◆ **Directions**
Search the records for the string "Ideas" and return each line that has it.

[Opening Provided data section]

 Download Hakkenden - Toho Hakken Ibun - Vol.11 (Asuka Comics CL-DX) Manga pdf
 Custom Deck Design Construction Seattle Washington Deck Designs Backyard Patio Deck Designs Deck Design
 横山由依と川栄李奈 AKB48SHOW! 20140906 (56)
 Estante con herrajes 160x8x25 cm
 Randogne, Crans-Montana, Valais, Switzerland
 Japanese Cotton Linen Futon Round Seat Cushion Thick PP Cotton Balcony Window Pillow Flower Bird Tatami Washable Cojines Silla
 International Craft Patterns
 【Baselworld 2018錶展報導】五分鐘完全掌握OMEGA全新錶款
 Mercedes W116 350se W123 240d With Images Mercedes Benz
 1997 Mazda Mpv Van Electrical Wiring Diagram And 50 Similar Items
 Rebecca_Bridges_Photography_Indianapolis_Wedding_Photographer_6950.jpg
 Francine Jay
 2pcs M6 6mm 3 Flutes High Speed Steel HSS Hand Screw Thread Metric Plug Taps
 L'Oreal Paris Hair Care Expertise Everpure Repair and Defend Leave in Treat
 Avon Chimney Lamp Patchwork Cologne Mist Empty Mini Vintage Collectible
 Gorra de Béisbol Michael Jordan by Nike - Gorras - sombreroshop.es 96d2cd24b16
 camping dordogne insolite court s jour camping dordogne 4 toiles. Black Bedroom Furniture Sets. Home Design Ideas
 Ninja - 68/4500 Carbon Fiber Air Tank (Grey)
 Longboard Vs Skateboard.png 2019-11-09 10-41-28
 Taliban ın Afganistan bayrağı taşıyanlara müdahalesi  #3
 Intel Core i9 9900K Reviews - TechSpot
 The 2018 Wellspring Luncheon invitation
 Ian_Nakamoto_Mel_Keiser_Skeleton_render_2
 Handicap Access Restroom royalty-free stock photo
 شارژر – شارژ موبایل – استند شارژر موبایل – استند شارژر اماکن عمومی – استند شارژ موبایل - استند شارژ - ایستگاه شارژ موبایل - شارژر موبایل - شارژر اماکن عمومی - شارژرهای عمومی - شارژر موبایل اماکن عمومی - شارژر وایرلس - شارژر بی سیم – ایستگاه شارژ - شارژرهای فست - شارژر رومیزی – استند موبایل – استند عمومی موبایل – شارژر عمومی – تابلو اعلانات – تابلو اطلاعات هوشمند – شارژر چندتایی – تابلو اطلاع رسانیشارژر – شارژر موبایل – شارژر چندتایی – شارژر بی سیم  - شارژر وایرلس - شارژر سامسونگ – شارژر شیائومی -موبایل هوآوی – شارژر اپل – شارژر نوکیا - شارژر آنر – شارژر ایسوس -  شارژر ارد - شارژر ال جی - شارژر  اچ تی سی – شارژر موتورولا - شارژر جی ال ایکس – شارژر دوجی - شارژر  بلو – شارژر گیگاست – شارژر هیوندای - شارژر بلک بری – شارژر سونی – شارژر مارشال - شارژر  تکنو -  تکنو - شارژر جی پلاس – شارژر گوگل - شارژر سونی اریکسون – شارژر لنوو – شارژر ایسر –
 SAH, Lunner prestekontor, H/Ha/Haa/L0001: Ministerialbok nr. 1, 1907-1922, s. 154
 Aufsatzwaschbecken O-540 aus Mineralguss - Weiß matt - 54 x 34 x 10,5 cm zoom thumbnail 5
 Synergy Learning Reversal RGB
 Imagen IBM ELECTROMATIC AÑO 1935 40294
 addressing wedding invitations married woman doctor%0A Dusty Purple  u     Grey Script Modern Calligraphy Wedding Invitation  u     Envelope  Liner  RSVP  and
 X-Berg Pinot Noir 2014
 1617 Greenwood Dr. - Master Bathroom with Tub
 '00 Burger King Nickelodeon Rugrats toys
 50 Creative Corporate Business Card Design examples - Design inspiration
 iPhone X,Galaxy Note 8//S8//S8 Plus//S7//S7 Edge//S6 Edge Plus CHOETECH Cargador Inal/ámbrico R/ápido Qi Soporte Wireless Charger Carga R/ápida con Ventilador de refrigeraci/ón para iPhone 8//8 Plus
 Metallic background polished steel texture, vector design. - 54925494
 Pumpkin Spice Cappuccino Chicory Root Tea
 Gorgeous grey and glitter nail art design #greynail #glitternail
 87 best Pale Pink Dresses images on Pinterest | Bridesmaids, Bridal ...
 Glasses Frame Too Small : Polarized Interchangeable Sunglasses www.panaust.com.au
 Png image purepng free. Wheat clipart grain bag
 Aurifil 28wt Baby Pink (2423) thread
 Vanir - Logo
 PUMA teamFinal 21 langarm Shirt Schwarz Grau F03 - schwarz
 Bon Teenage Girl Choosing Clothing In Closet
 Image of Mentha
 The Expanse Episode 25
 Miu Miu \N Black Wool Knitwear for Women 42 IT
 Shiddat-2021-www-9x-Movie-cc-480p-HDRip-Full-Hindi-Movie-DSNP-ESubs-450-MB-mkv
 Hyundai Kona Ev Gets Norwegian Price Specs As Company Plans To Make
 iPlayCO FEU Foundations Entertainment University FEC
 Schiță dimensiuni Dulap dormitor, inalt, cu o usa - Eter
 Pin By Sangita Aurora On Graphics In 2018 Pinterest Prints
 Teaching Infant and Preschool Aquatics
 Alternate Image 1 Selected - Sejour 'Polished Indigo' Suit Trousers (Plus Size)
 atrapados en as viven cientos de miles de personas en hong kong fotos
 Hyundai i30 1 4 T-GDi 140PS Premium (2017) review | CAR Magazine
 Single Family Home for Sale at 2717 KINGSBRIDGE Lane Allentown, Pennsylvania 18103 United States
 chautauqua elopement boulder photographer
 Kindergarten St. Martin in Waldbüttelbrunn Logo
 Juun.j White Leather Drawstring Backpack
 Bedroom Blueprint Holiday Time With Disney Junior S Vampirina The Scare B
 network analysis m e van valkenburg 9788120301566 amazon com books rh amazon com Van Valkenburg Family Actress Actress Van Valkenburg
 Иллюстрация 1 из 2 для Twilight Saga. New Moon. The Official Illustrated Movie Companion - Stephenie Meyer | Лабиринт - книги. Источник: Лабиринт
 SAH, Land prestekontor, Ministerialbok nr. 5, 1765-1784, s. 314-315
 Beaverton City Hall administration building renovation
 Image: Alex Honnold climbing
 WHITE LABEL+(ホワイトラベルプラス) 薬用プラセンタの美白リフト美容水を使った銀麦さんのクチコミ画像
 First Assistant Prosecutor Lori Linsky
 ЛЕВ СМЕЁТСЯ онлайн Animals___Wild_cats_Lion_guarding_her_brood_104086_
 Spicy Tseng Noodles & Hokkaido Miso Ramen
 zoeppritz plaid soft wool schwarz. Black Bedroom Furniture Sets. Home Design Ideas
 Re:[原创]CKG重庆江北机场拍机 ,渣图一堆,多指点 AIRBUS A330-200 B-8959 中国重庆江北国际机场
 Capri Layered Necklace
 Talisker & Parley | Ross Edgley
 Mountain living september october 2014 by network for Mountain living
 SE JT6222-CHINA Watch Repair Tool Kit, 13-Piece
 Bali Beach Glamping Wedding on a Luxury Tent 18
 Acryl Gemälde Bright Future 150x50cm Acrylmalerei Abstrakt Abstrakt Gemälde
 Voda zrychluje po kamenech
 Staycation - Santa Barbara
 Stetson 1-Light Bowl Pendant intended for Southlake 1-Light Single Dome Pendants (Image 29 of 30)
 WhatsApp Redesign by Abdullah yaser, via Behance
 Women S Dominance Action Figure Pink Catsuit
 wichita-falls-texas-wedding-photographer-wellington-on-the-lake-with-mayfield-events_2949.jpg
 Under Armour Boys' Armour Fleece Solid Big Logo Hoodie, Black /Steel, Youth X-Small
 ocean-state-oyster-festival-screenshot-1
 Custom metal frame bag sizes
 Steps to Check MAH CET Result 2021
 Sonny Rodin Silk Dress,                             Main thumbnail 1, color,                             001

[Closing Provided data section]

◆ **Answer to the problem**
 camping dordogne insolite court s jour camping dordogne 4 toiles. Black Bedroom Furniture Sets. Home Design Ideas
 zoeppritz plaid soft wool schwarz. Black Bedroom Furniture Sets. Home Design Ideas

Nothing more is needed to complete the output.